This cottage on the Norwegian island of Vega was built by Kolman Boye Architects, and sits nestled amongst the unsullied, vibrant scenery of the Vega Archipelago. It is intended to serve as a summer house for the families of three siblings for whom Vega was a favourite childhood holiday destination – although if Vega Cottage were mine I’d want to live there all year round.
The diversity of the surrounding landscaped is evidenced by the huge windows which feature prominently in three facades of Vega Cottage. One looks out over the Atlantic Ocean and the surrounding islands; one over the vibrant rocky planes, mosses and shrubs; and the other over the formidable mountains of Trollvasstind. At 100km shy of the arctic circle, this could be considered a harsh environment but the cosy yet minimalist shelter of Vega Cottage allows this seeming wilderness to be observed in comfort.
Timber cladding was used for the entirety of both the exterior and the interior of Vega Cottage and in the case of the exterior, it has silvered rapidly to a dark grey thanks to the Norwegian climate.

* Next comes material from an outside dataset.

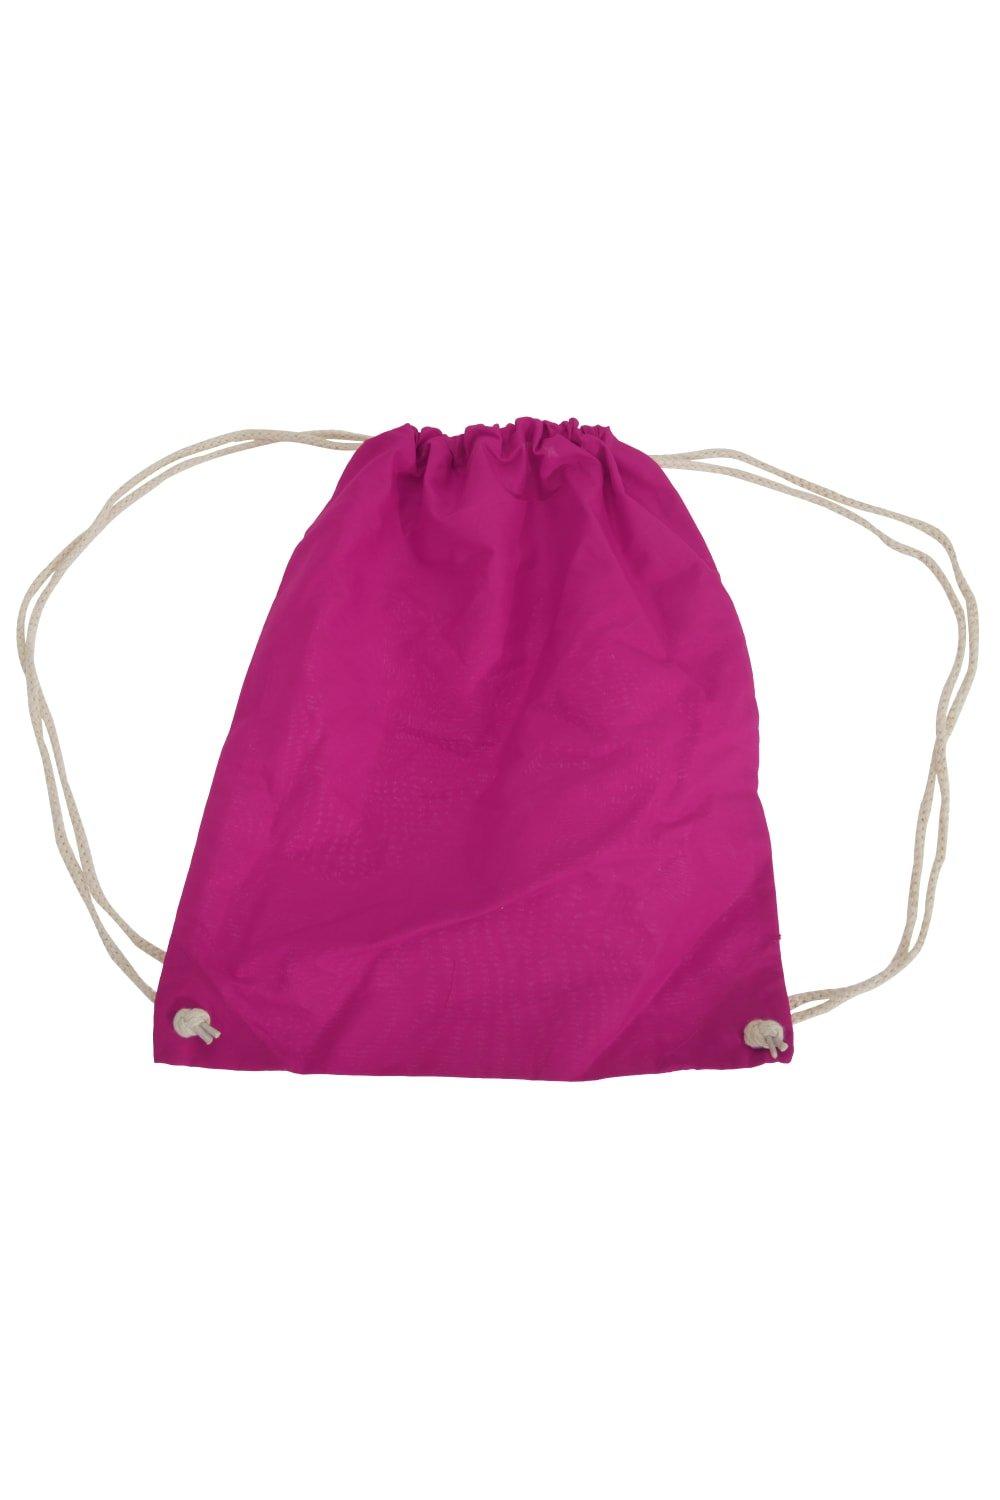 Хлопковая сумка Gymsac - 12 литров (2 шт. в упаковке) Westford Mill, розовый

The double volumed form of the dwelling was heavily based on the compositions of traditional fisherman’s boat sheds found on Vega Island such as those pictured here. Due to the uneven boulders that Vega Cottage is built on, one half sits slightly higher than the other.
As for the interior cladding, the timber has been kept light to create a spacious atmosphere. Unfinished birch was used for the window frames and skirting while the wood used for the walls, ceilings and floors has been whitewashed and treated with linseed oil. The interior design remains emphatically scandinavian: simultaneously cutting edge and traditional.